▸ **WORK TASK**
Exclude images, then output the remaining data verbatim.

▸ **COLLECTED MATERIAL**
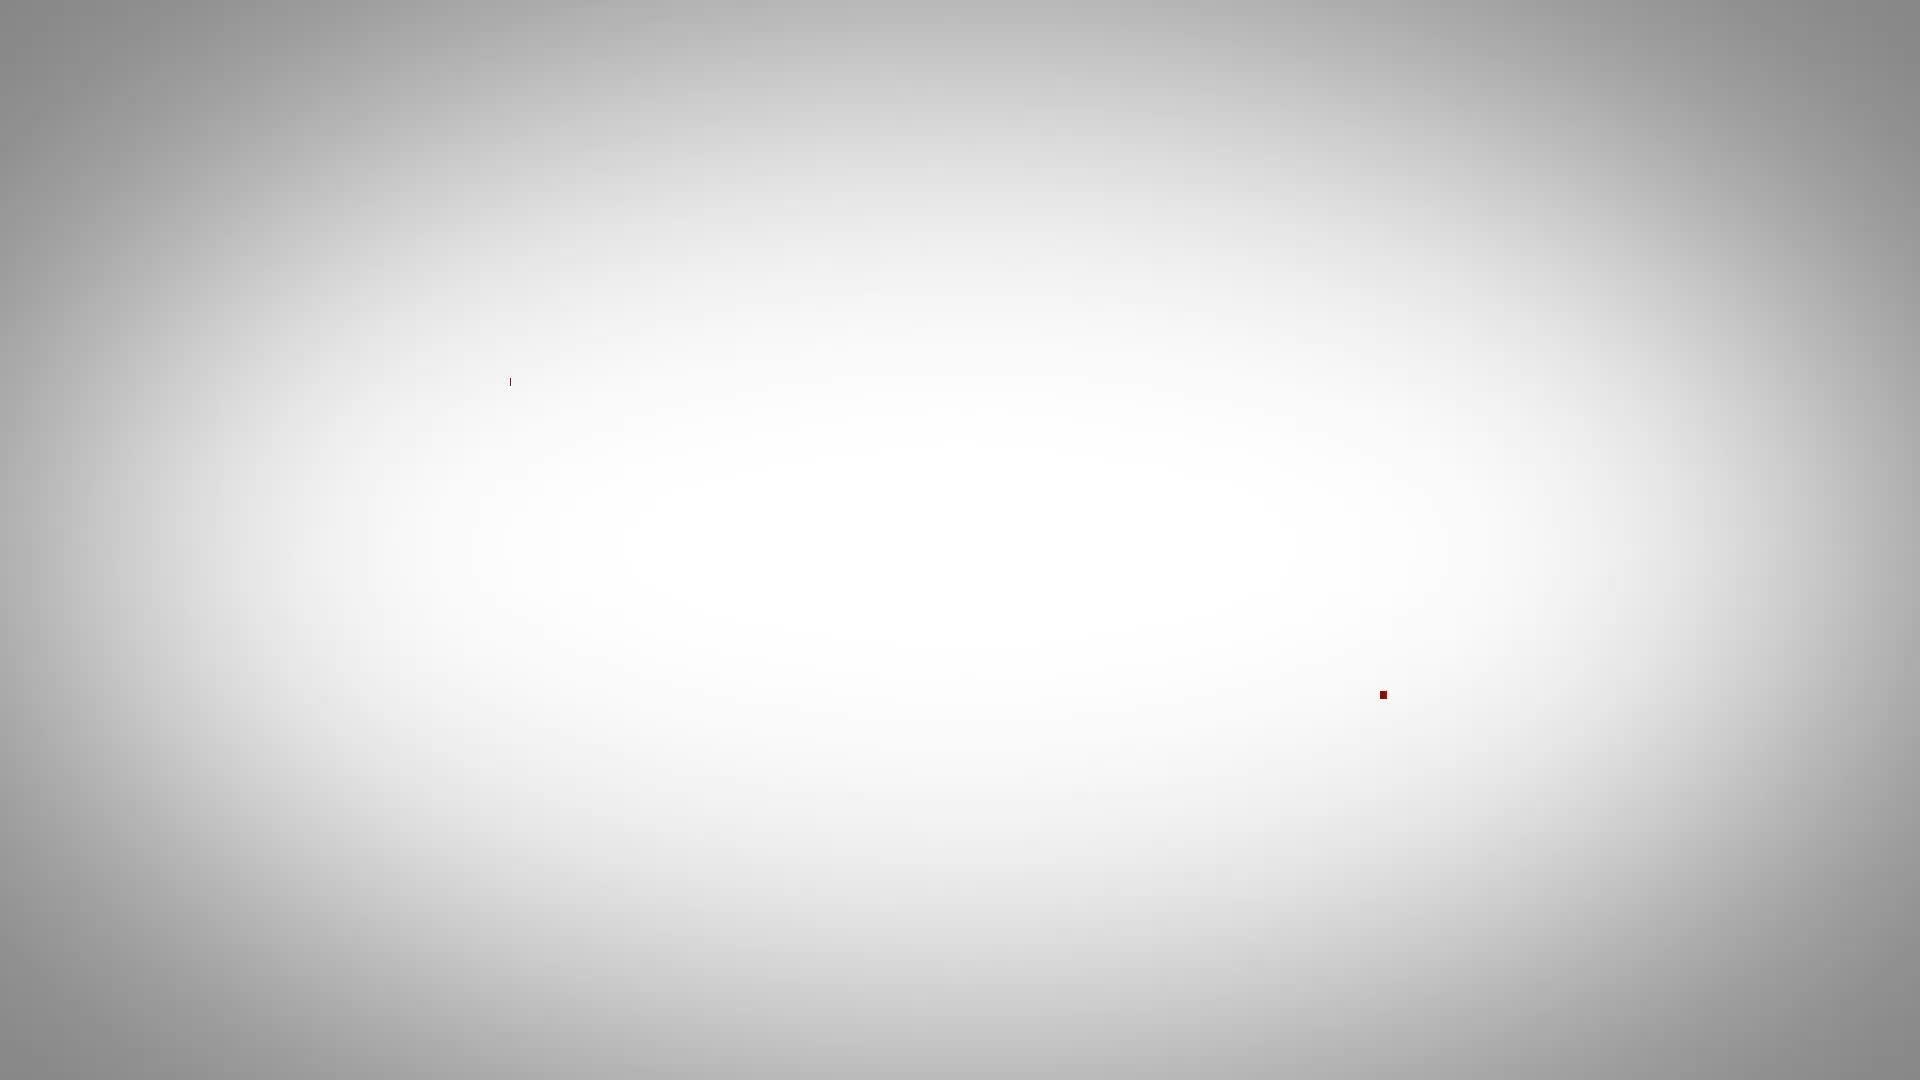 Image of ਆਪ ਦੇ ਮੈਂਬਰ ਪਾਰਲੀਮੈਂਟ ਨੇ ਗੋਦ ਲਏ ਪਿੰਡ ਨਾਲ ਕੀਤਾ ਮਜ਼ਾਕ!
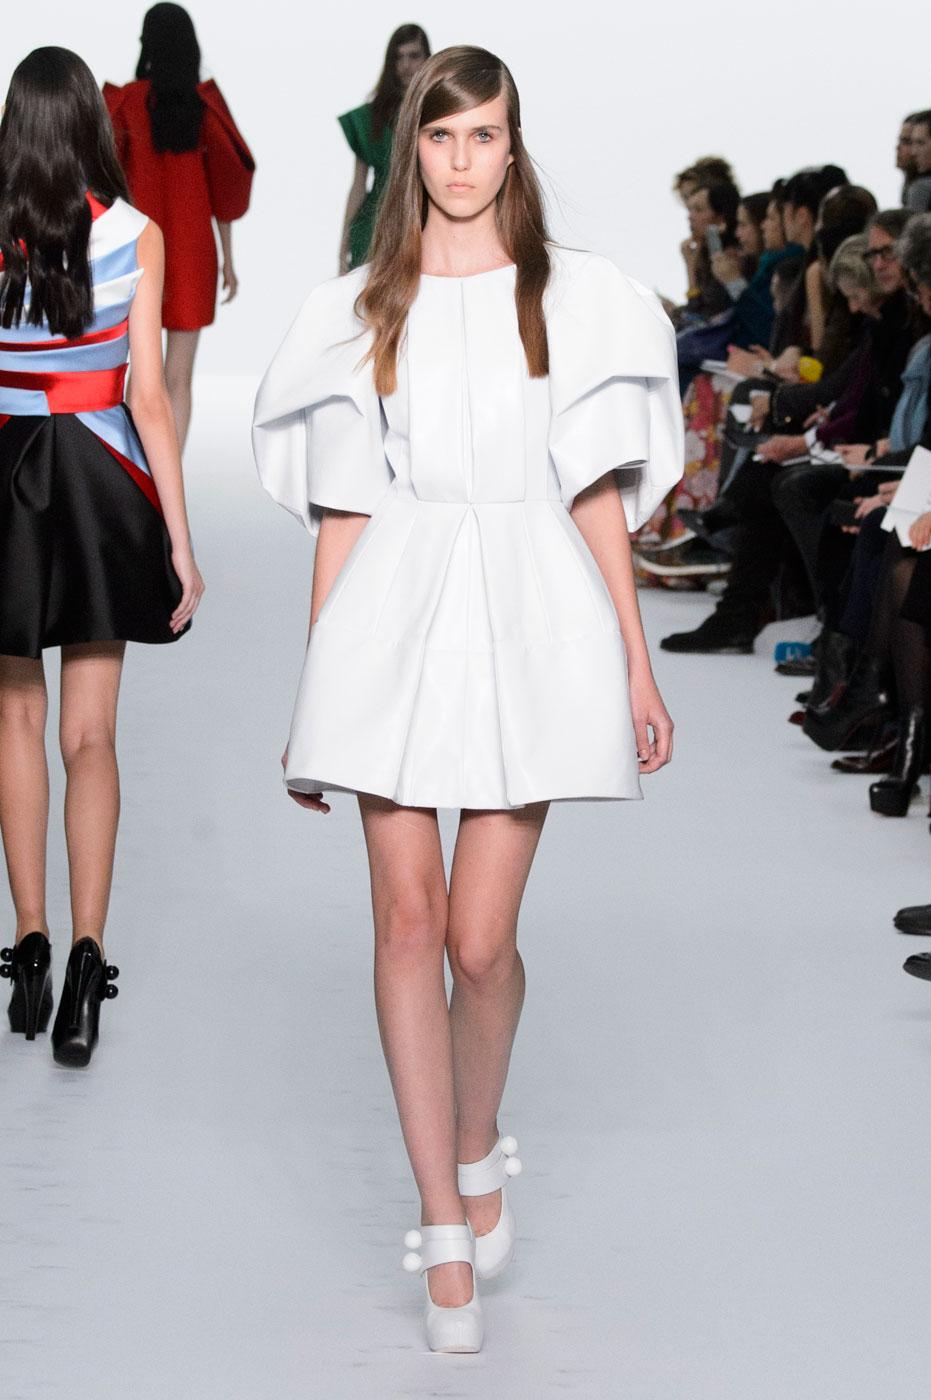 Kayek-fashion-runway-show-haute-couture-paris-spring-summer-2015-the-impression-29
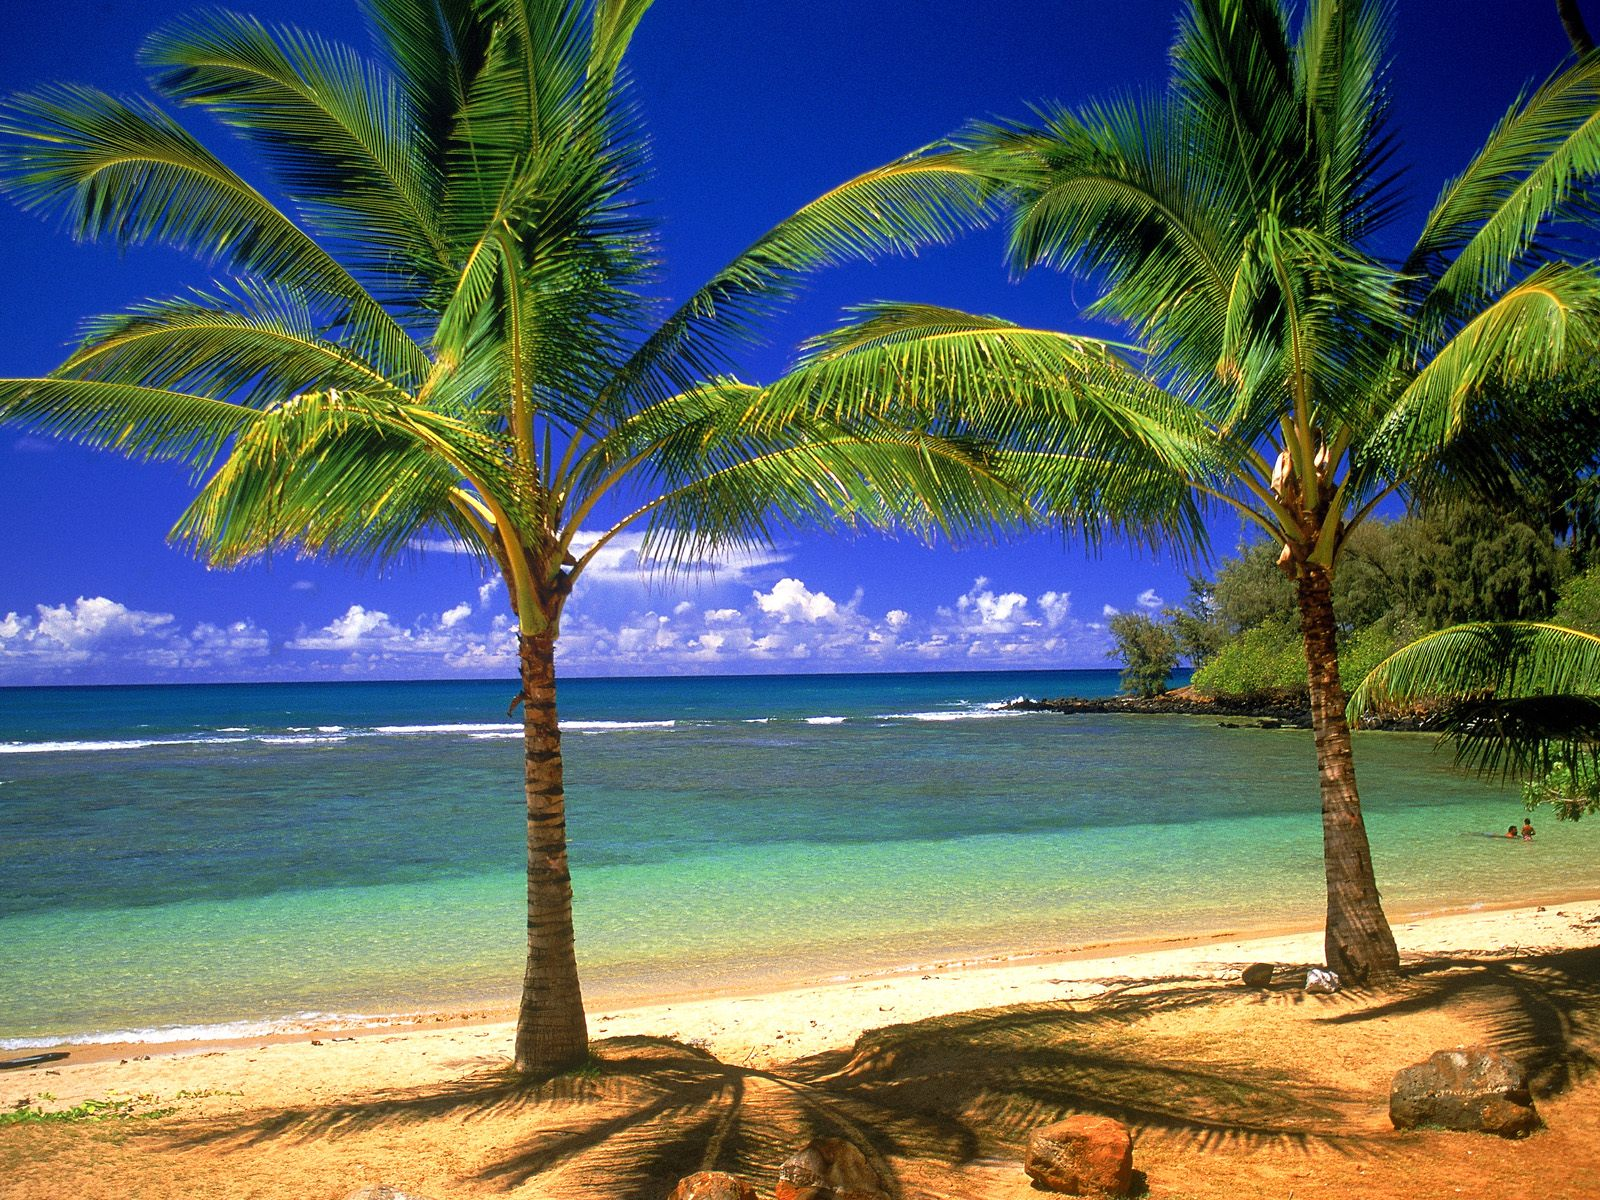 tropical beach desktop wallpaper which is under the beach wallpapers 1600x1200
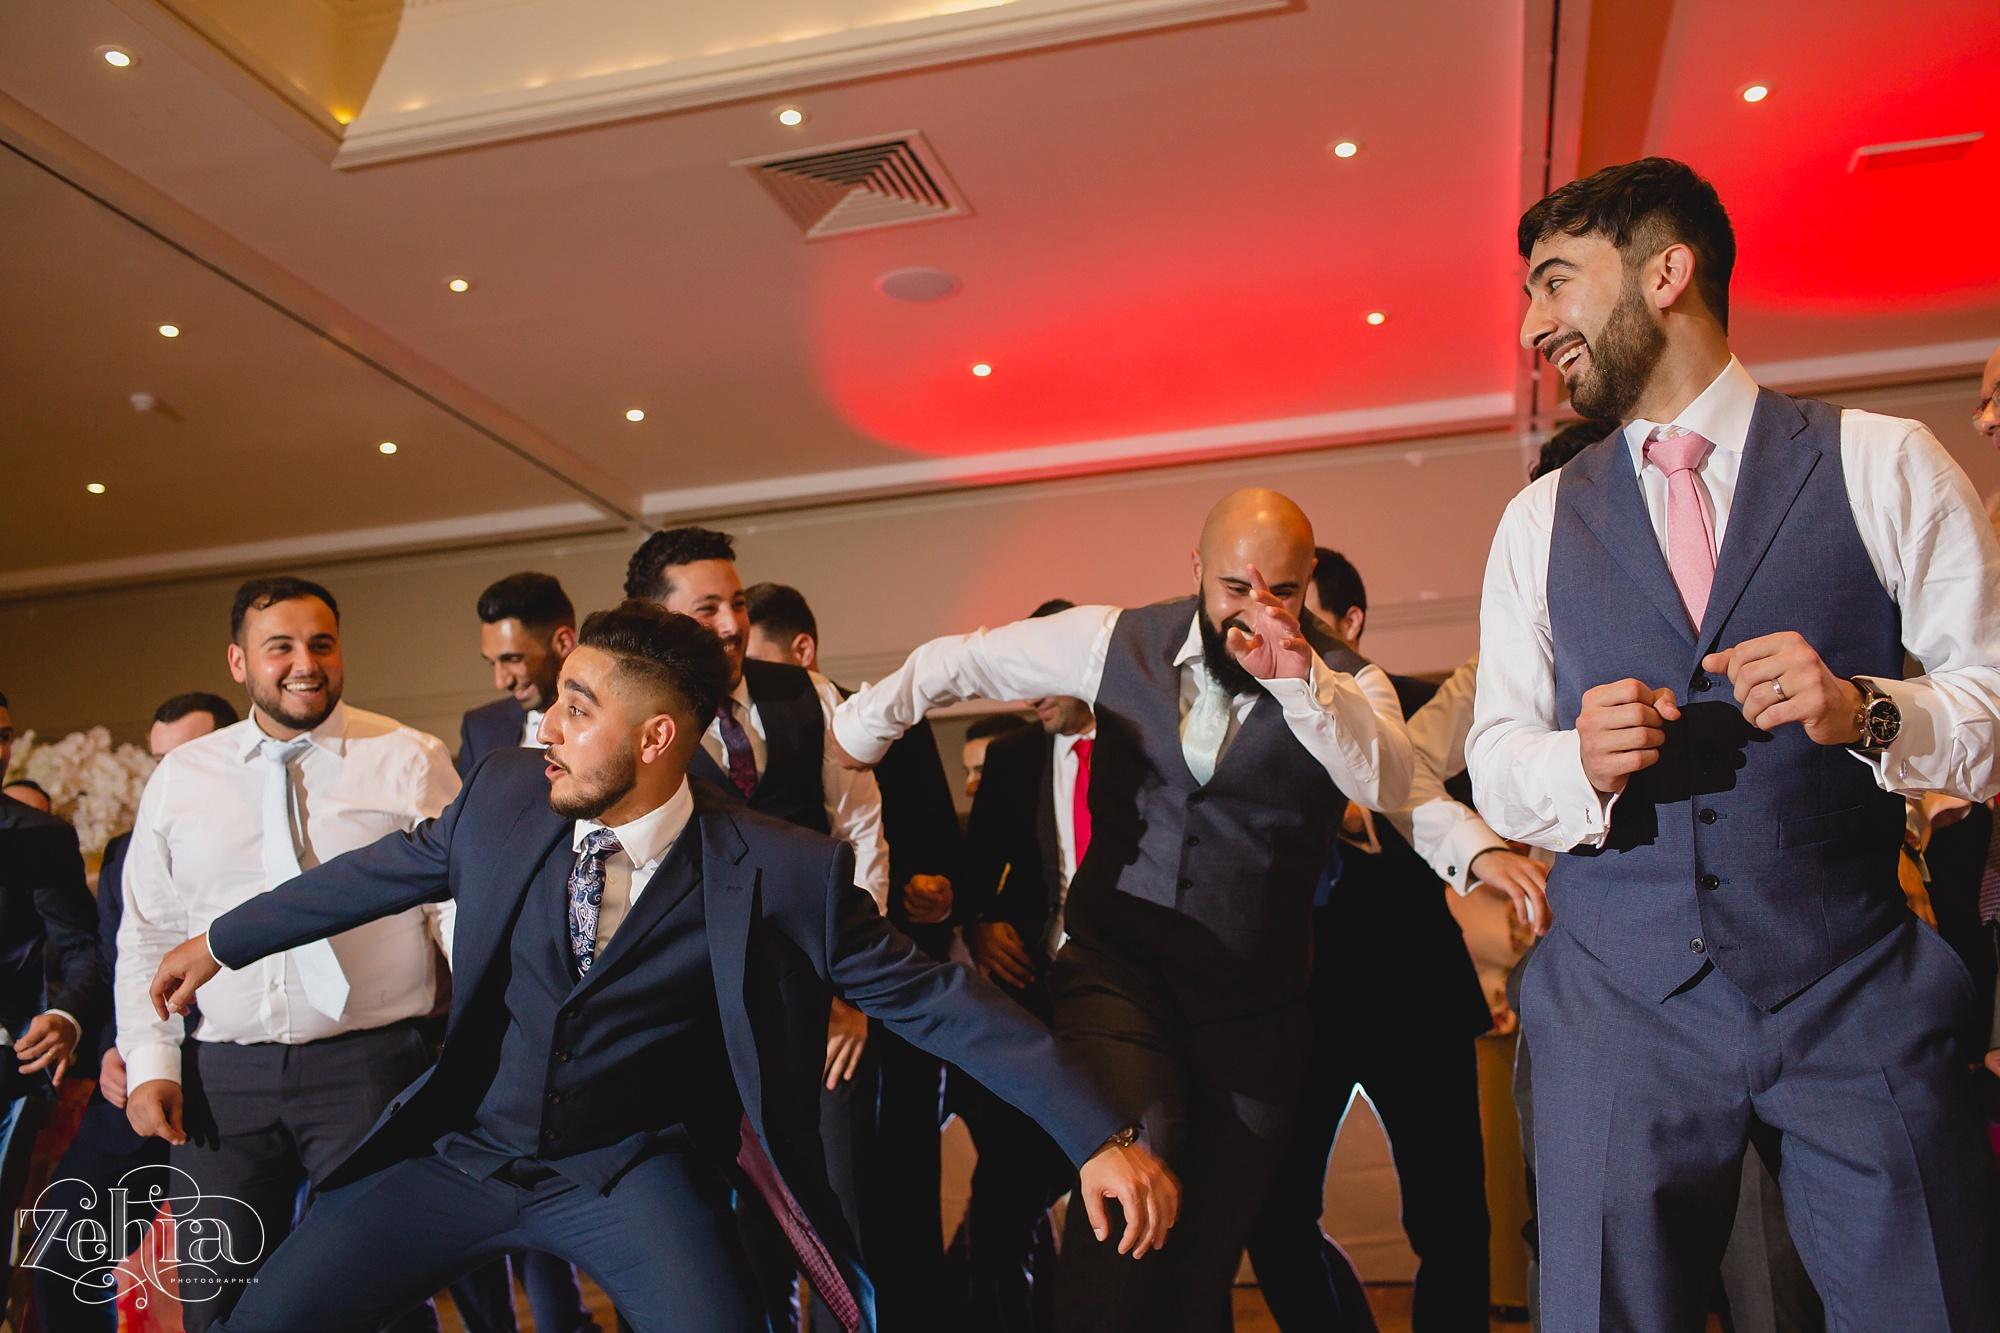 zehra photographer mere cheshire wedding_0060.jpg

▸ **RESULT**
 Image of ਆਪ ਦੇ ਮੈਂਬਰ ਪਾਰਲੀਮੈਂਟ ਨੇ ਗੋਦ ਲਏ ਪਿੰਡ ਨਾਲ ਕੀਤਾ ਮਜ਼ਾਕ!
 Kayek-fashion-runway-show-haute-couture-paris-spring-summer-2015-the-impression-29
 tropical beach desktop wallpaper which is under the beach wallpapers 1600x1200
 zehra photographer mere cheshire wedding_0060.jpg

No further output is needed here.